**RECORDED INFORMATION:**

▼

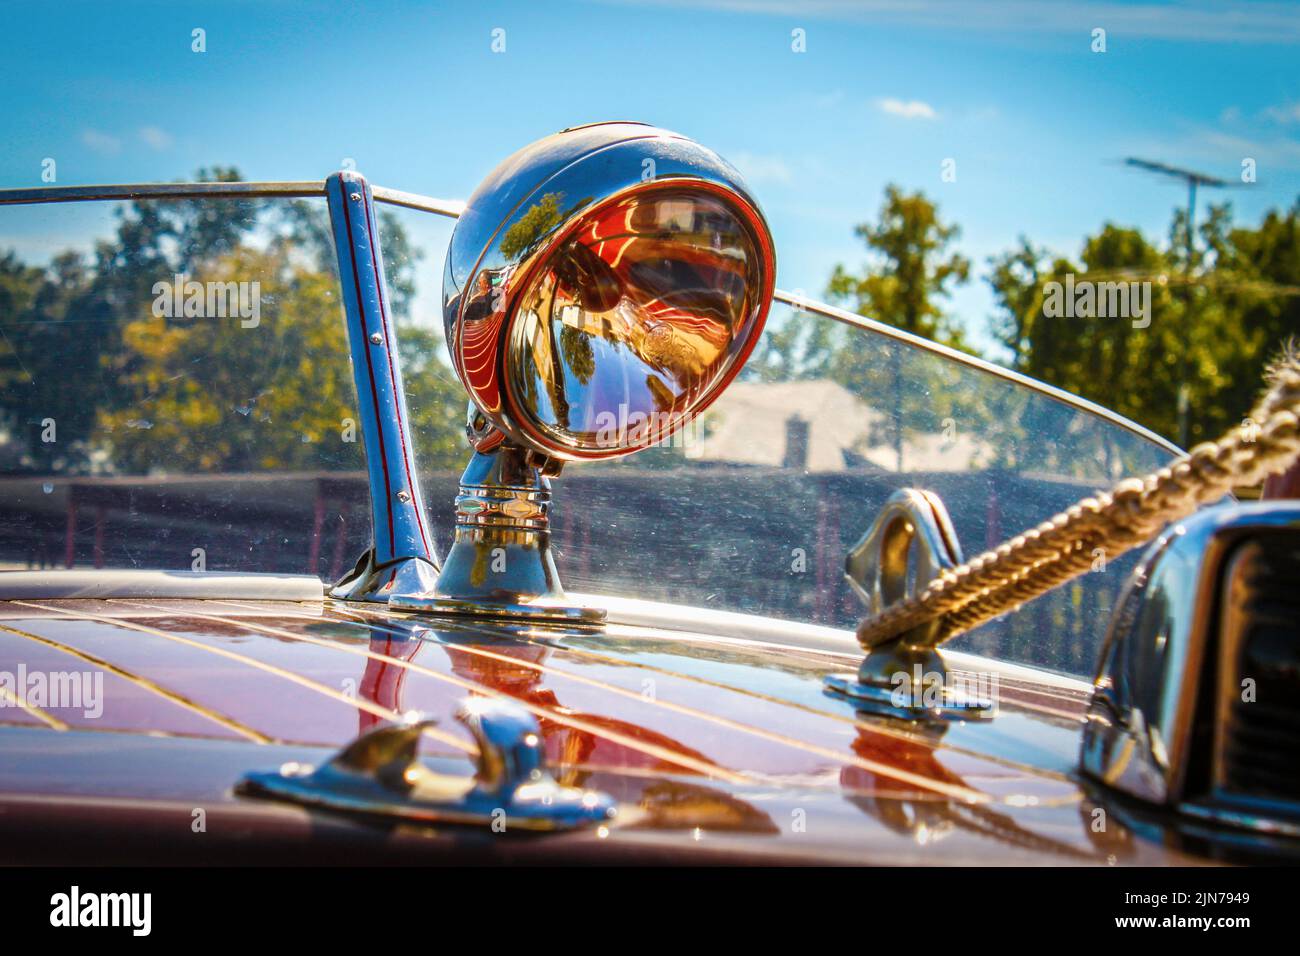 Spotlight on teak wooden race boat with reflections of wood and surroundings on glass and metal Stock Photo
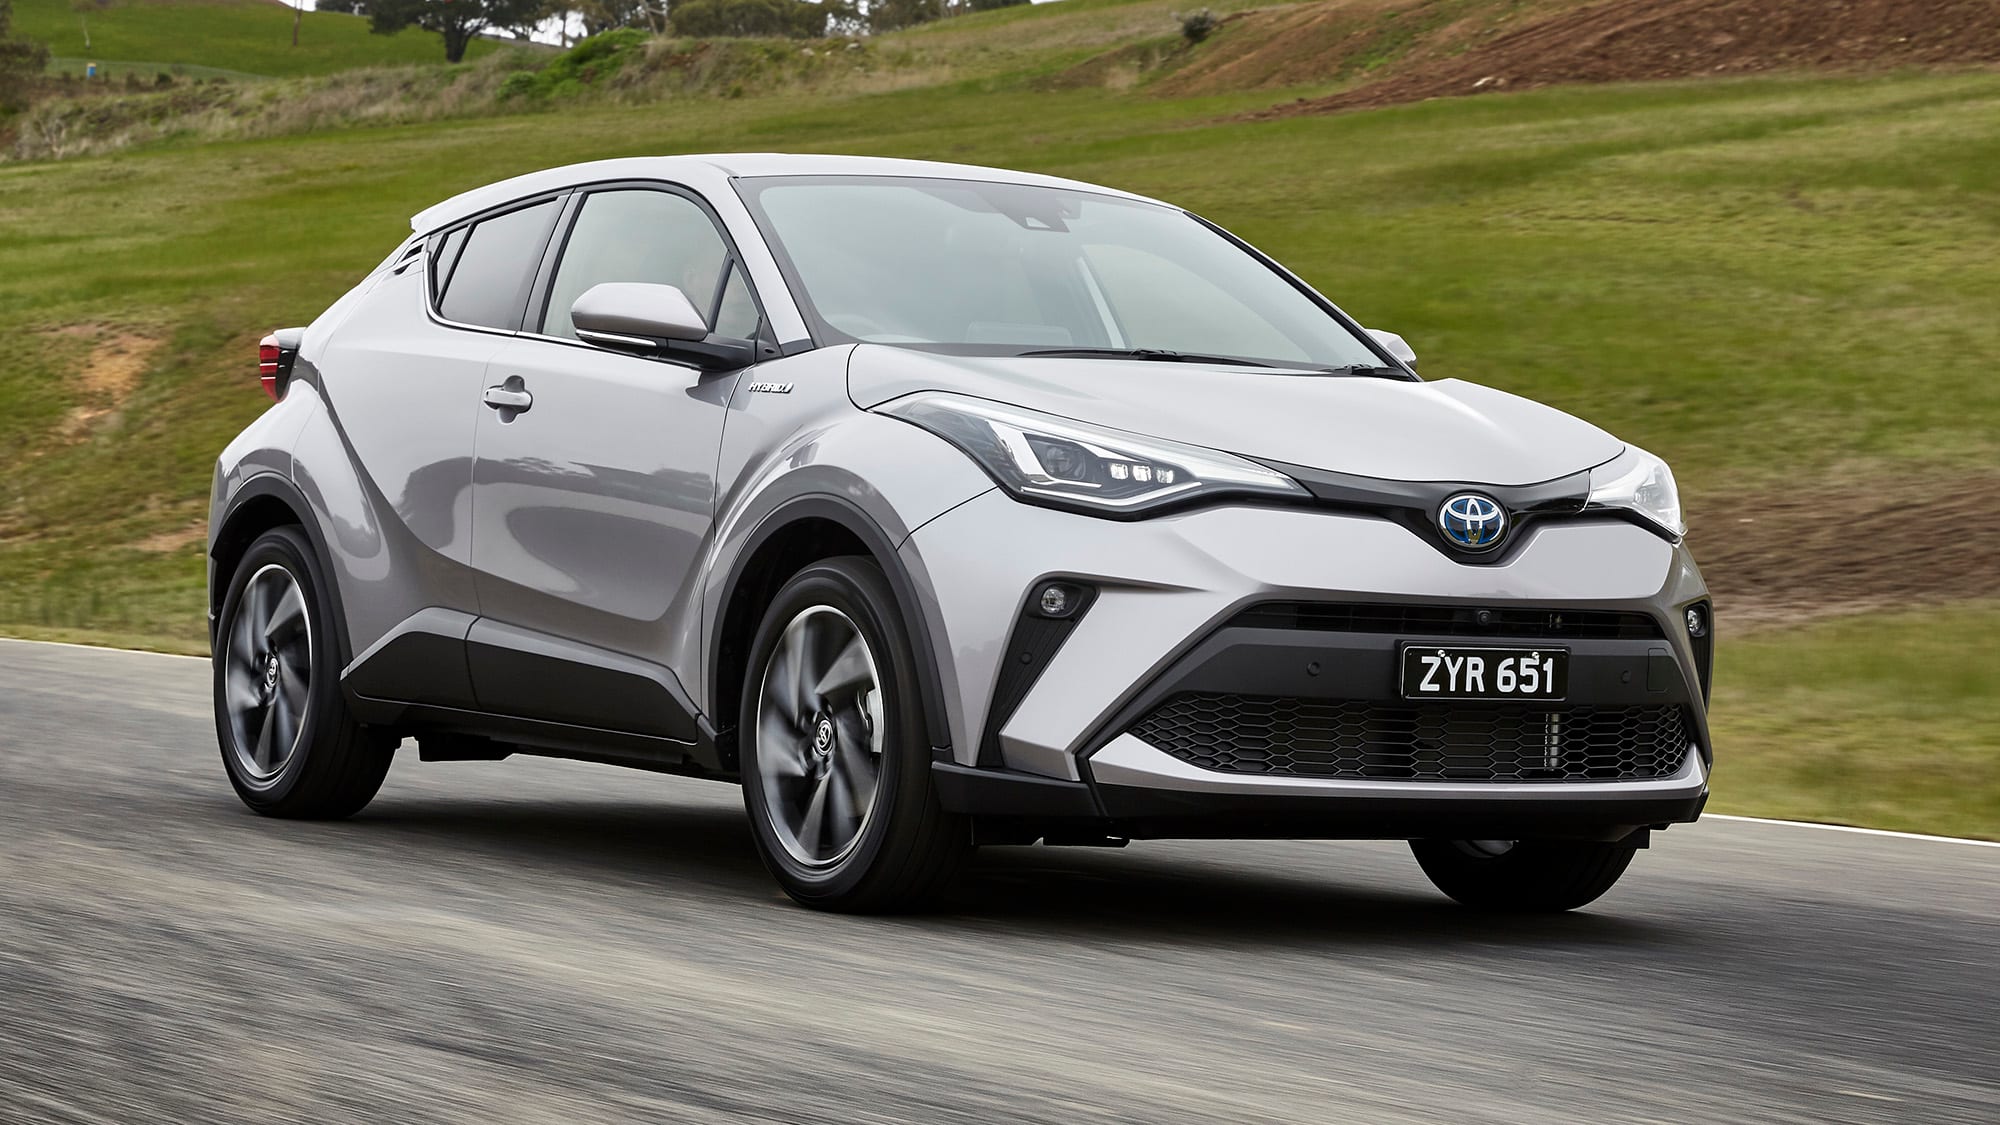 RAV4 News, Articles, Stories & Trends for Today
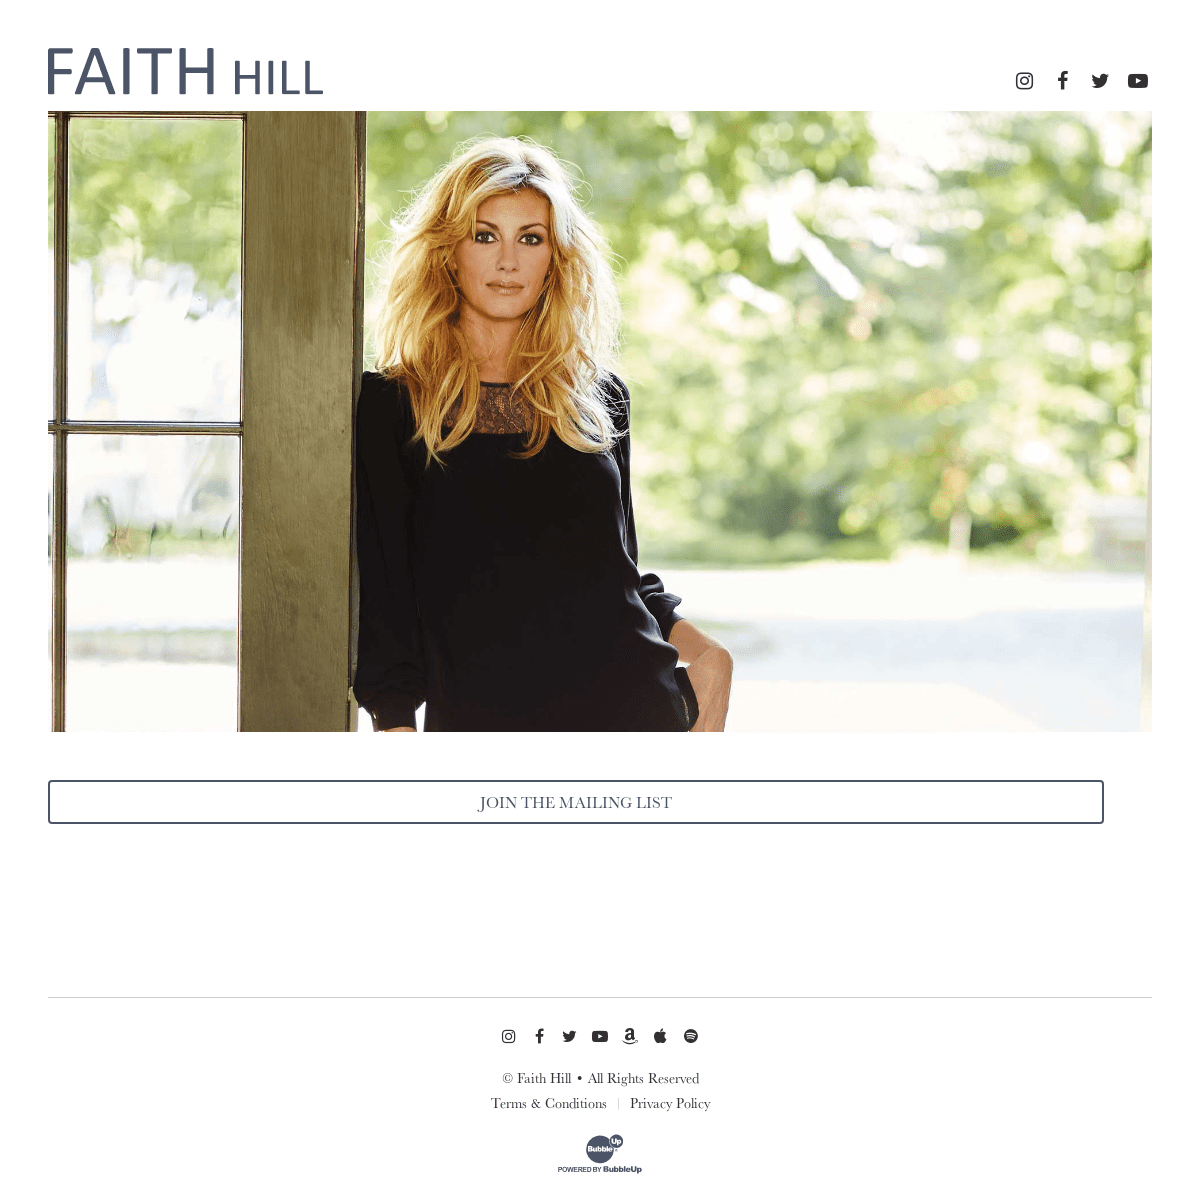 A complete backup of https://faithhill.com

▲

Reproduce the listing word for word, but keep the pictures out of it.

**EXERCISE SOLUTION:**
 Spotlight on teak wooden race boat with reflections of wood and surroundings on glass and metal Stock Photo
 RAV4 News, Articles, Stories & Trends for Today
 A complete backup of https://faithhill.com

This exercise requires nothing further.